Learning rate lr is a hyperparameter balancing speed and stability. Bigger eta = faster learning, smaller eta = more stable and lesser oscillation.

**Optimal Learning Rate Theorem -** For a quadratic Loss (w^TAw)/2, optimal lr = 2/(lambda_min + lambda_max) where lambda_min, lambda_max are smallest and largest eigenvalues of A.

Usually we don't know A so we start by lr = 0.01 or 0.001, use adaptive optimizers like Adam and RMSProp or use learning rate schedules.

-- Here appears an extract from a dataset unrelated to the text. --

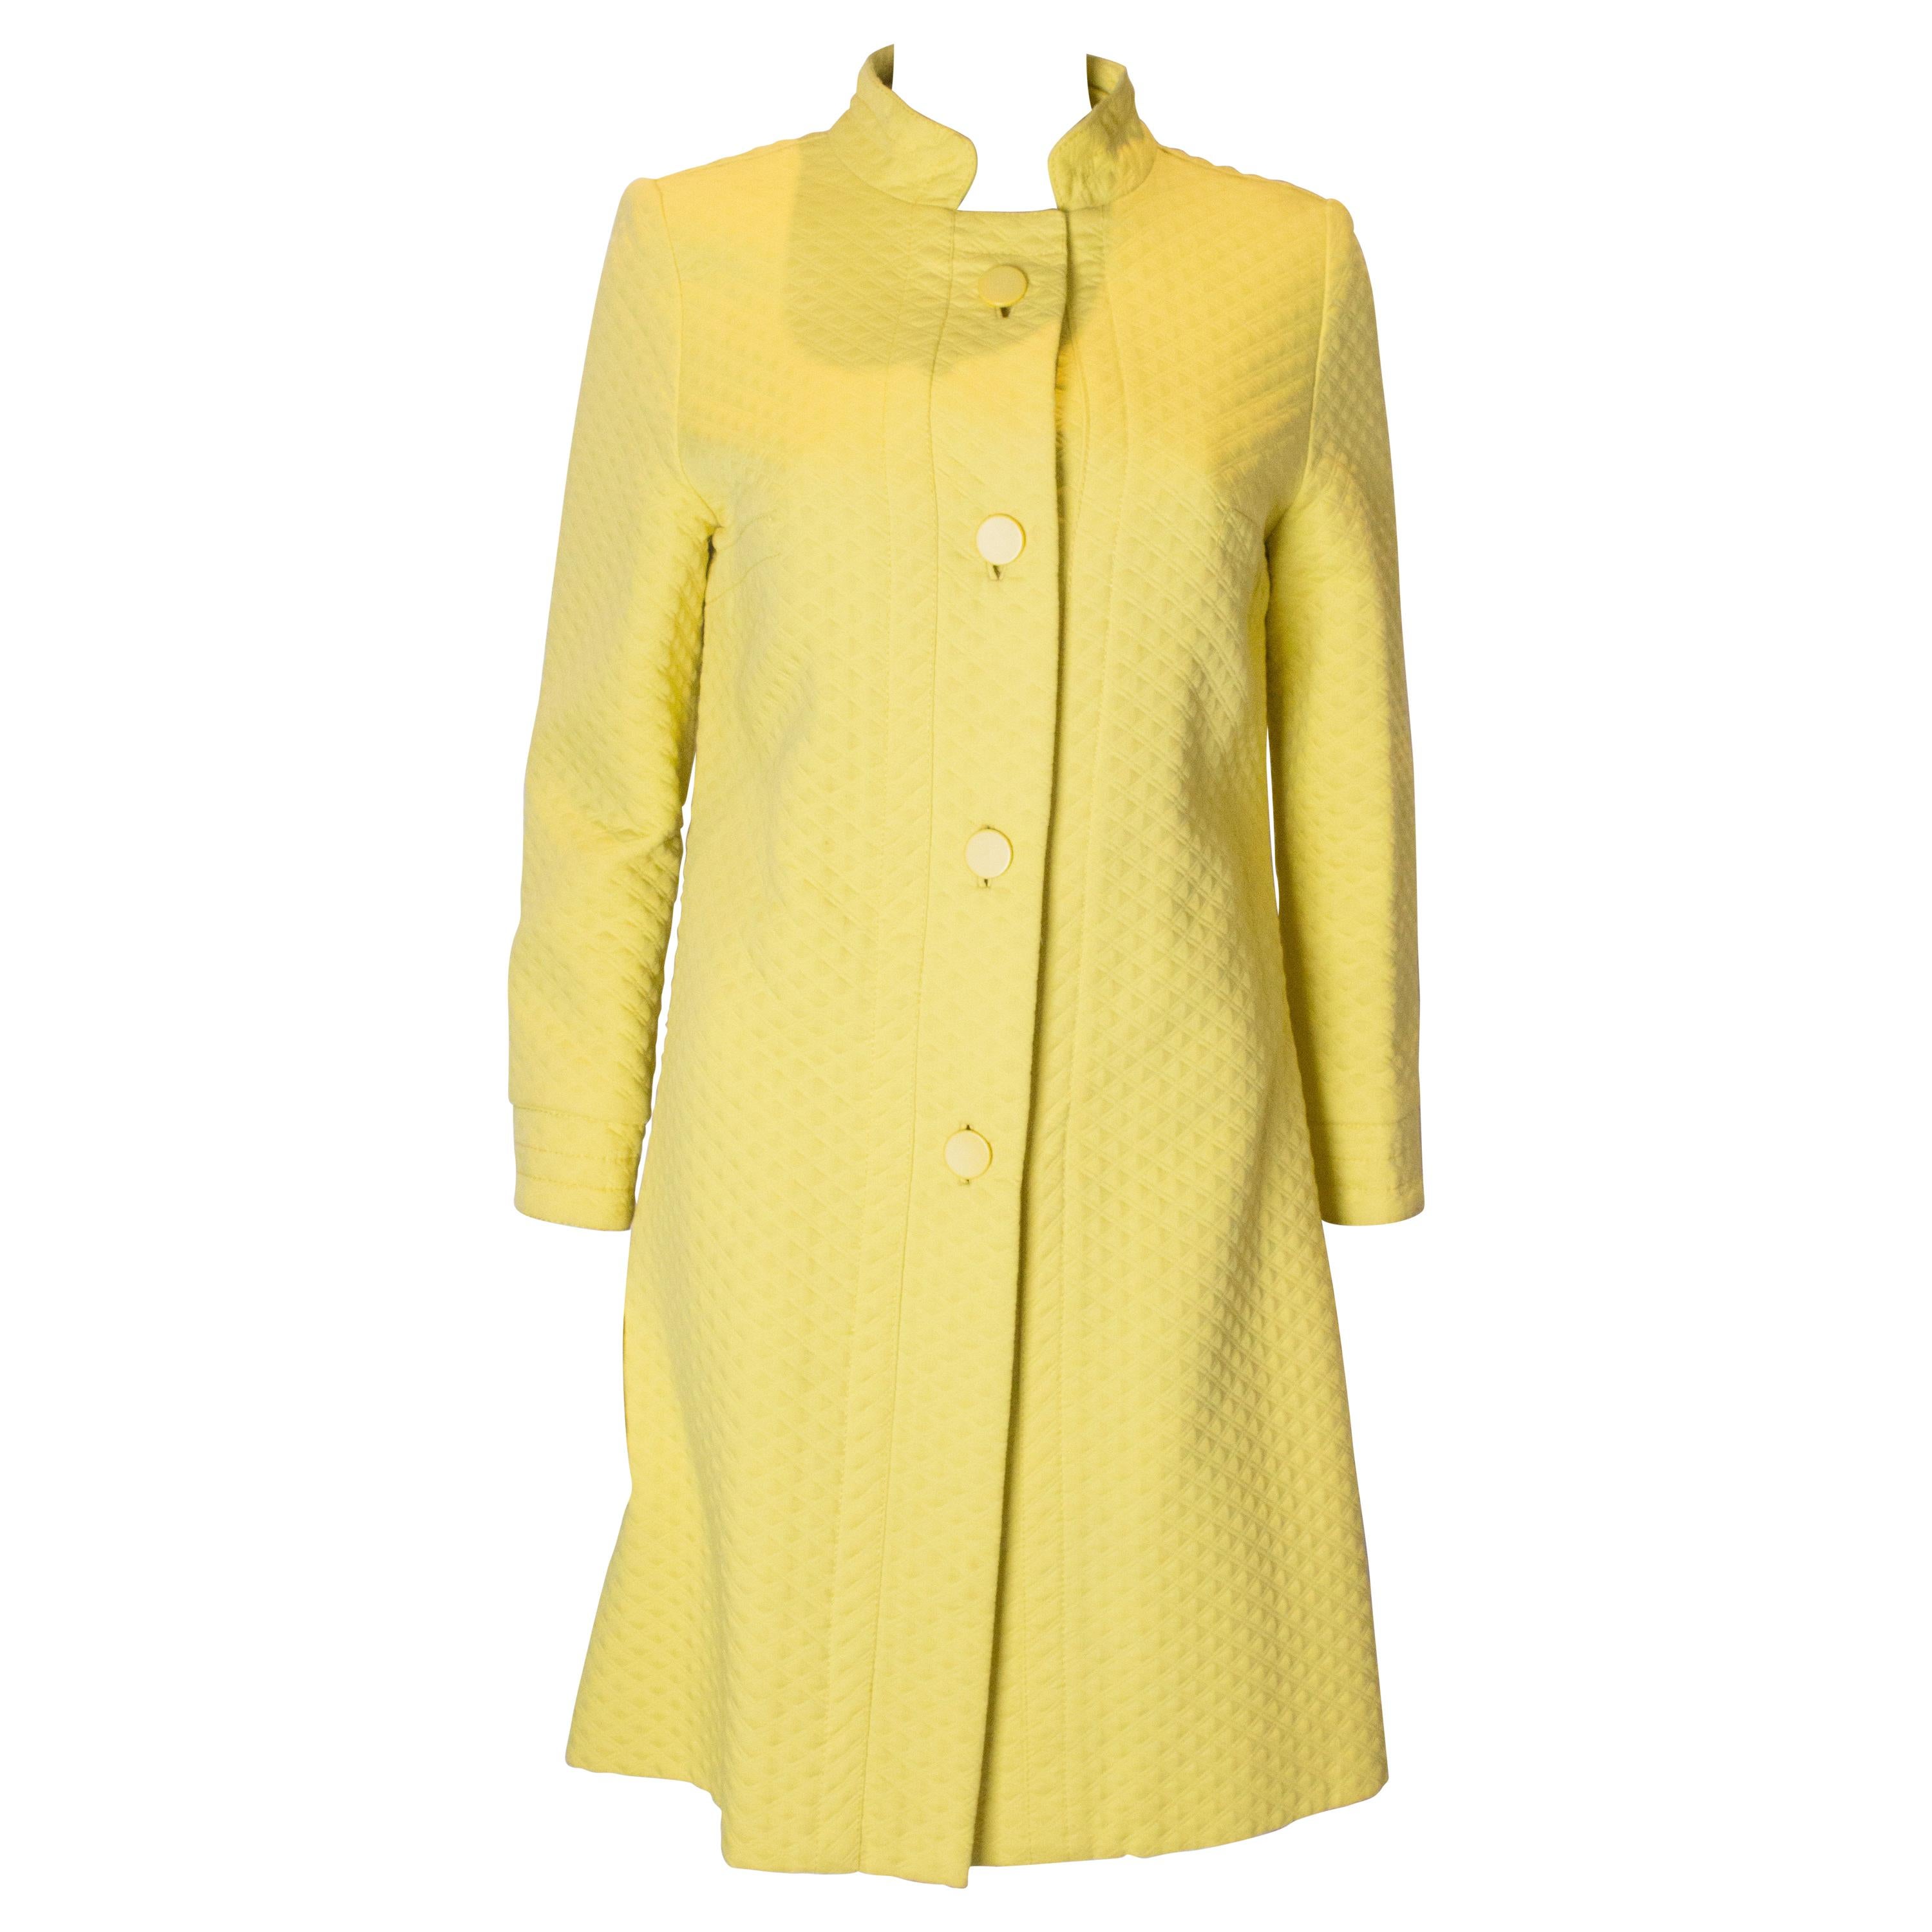 Chic Vintage Yellow Coat

**Task -** Implement a neuron that can learn a linear relationship y = mx + c from scratch.

In [45]:
#Training Data

x = torch.tensor([1,2,3,4,5,6], dtype = torch.float)
y = torch.tensor([15,25,35,45,55,65], dtype = torch.float)

#Starting weights
w = torch.randn(1, requires_grad=True)
b = torch.randn(1, requires_grad=True)

print(w)

#Hyperparameter
lr = 0.001

#Training Loop
for epoch in range(1000):
  prediction = w*x + b #The model has exactly 1 feature so taking w as a single number is fine. Else take it as a vector with size = input features and do dot product instead.
  loss = ((prediction - y)**2).mean()
  loss.backward()
  with torch.no_grad():
    w -= lr*w.grad
    b -= lr*b.grad
    w.grad.zero_()
    b.grad.zero_()
  if epoch % 100 == 0:
    print(f"Epoch: {epoch}, Loss: {loss.item()}")

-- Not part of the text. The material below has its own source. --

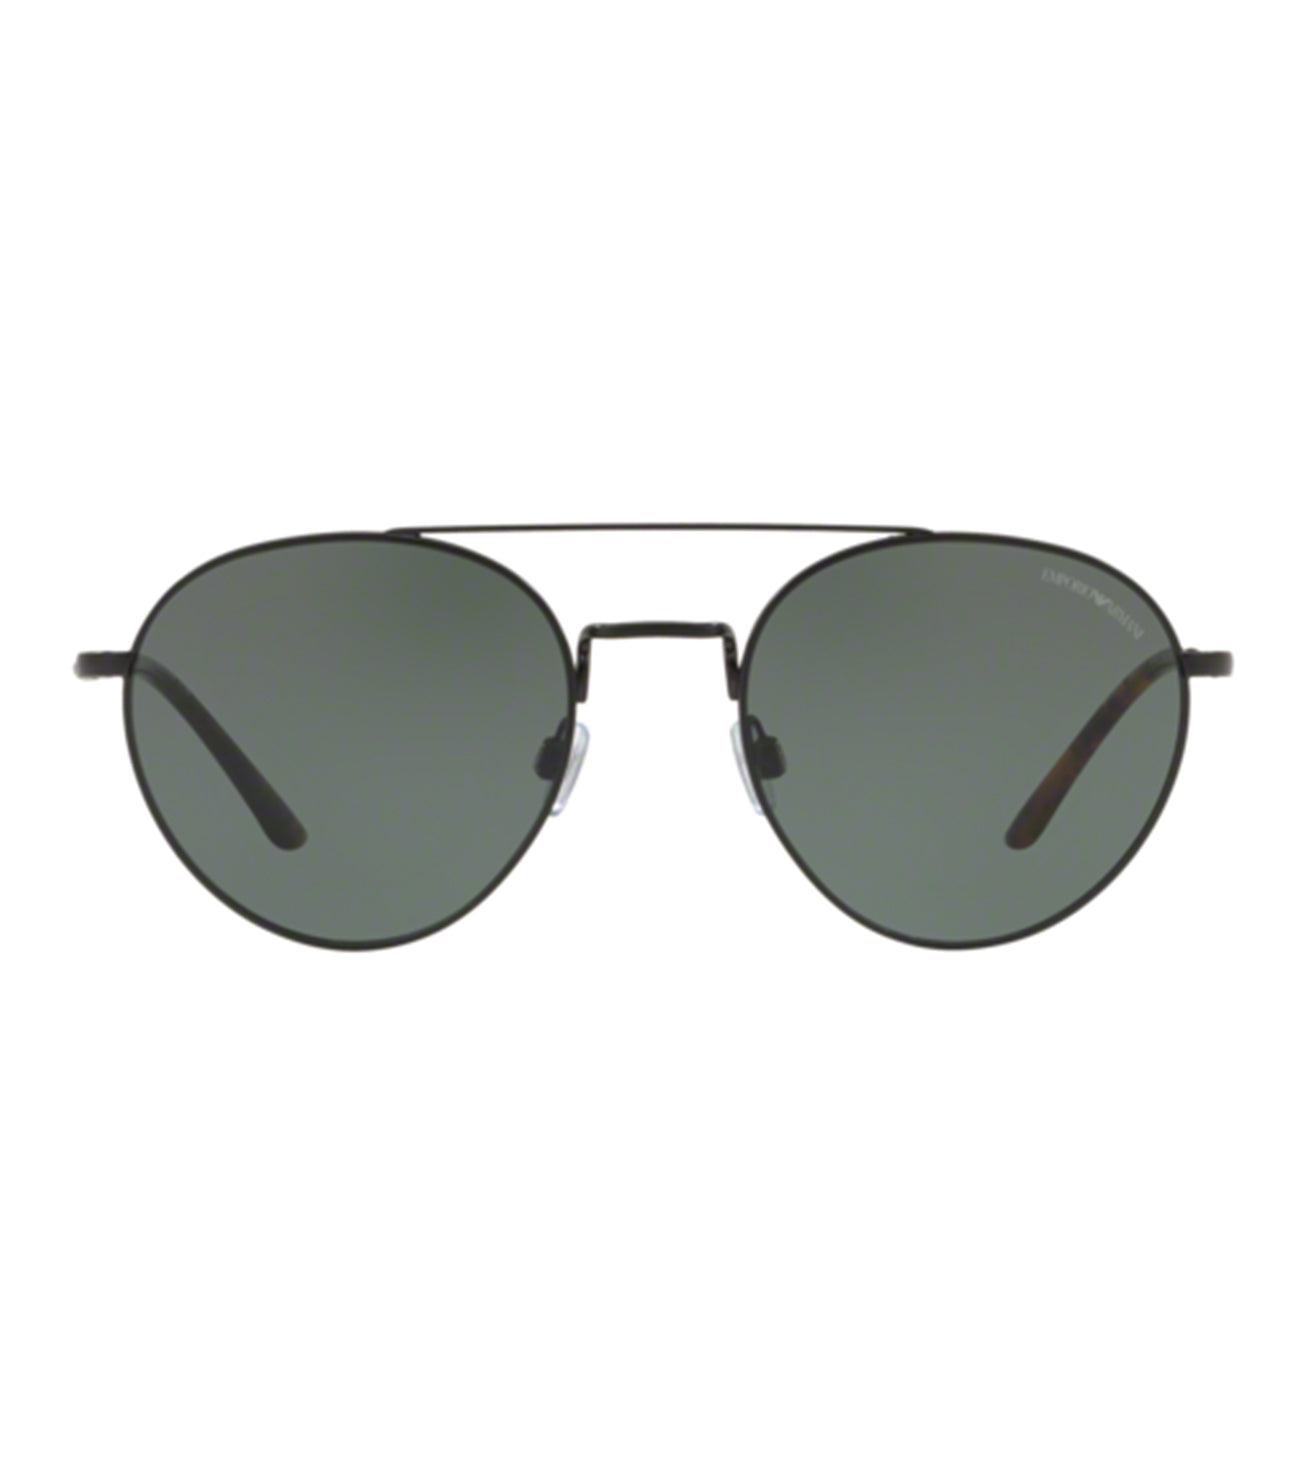 Giorgio Armani Men's Green Aviator Sunglasses

tensor([-0.0337], requires_grad=True)
Epoch: 0, Loss: 1969.27783203125
Epoch: 100, Loss: 4.903125286102295
Epoch: 200, Loss: 1.8078700304031372
Epoch: 300, Loss: 1.6764503717422485
Epoch: 400, Loss: 1.5584176778793335
Epoch: 500, Loss: 1.4487032890319824
Epoch: 600, Loss: 1.346713900566101
Epoch: 700, Loss: 1.2519042491912842
Epoch: 800, Loss: 1.1637693643569946
Epoch: 900, Loss: 1.081840991973877


In [46]:
print(prediction)
print(y)

tensor([13.2472, 23.7814, 34.3156, 44.8498, 55.3840, 65.9182],
       grad_fn=<AddBackward0>)
tensor([15., 25., 35., 45., 55., 65.])


# **MAKING PREDICTIONS**

In [53]:
neuron = nn.Sequential(
    nn.Linear(3,1)
)

x = torch.tensor([
    [1,2,3],
    [0.5, 1.5, 2.5],
    [10, 11, 12],
    [101,102,103],
    [1.21, 2.21, 3.21]
], dtype = torch.float)

y = torch.tensor([
    [6],
    [4.5],
    [33],
    [306],
    [6.63]
])

loss = nn.MSELoss()
optimizer = optim.SGD(neuron.parameters(), lr = 0.0001)

for epoch in range(1000):
  predictions = neuron(x)
  loss_val = loss(predictions, y)
  optimizer.zero_grad()
  loss_val.backward()
  optimizer.step()

  if epoch % 100 == 0:
    print(f"Epoch: {epoch}, Loss: {loss_val.item()}")

print(neuron(x))

Epoch: 0, Loss: 25256.03125
Epoch: 100, Loss: 0.45262080430984497
Epoch: 200, Loss: 0.41453108191490173
Epoch: 300, Loss: 0.3796462416648865
Epoch: 400, Loss: 0.3476983308792114
Epoch: 500, Loss: 0.31843769550323486
Epoch: 600, Loss: 0.29163965582847595
Epoch: 700, Loss: 0.26709598302841187
Epoch: 800, Loss: 0.2446199208498001
Epoch: 900, Loss: 0.22403264045715332
tensor([[  6.5173],
        [  5.0203],
        [ 33.4636],
        [305.9207],
        [  7.1461]], grad_fn=<AddmmBackward0>)


In [56]:
class spamNeuron(nn.Module):
  def __init__(self, input_num):
    super().__init__()
    self.linear = nn.Linear(input_num, 1)
    self.activation = nn.Sigmoid()

  def forward(self, x):
    logit = self.linear(x)
    prediction = self.activation(logit)
    return prediction

In [71]:
spam_detector = spamNeuron(100)

email = torch.randn(1, 100)

prediction = spam_detector(email)

if prediction > 0.5:
  print("Spam")
else:
  print("Not Spam")

Spam


**Note -** When making predictions use torch.no_grad() to disable gradient computation. This is because during training, PyTorch computes gradients and stores the entire computation graph in memory. Explictly asking it not to compute it saves this storage.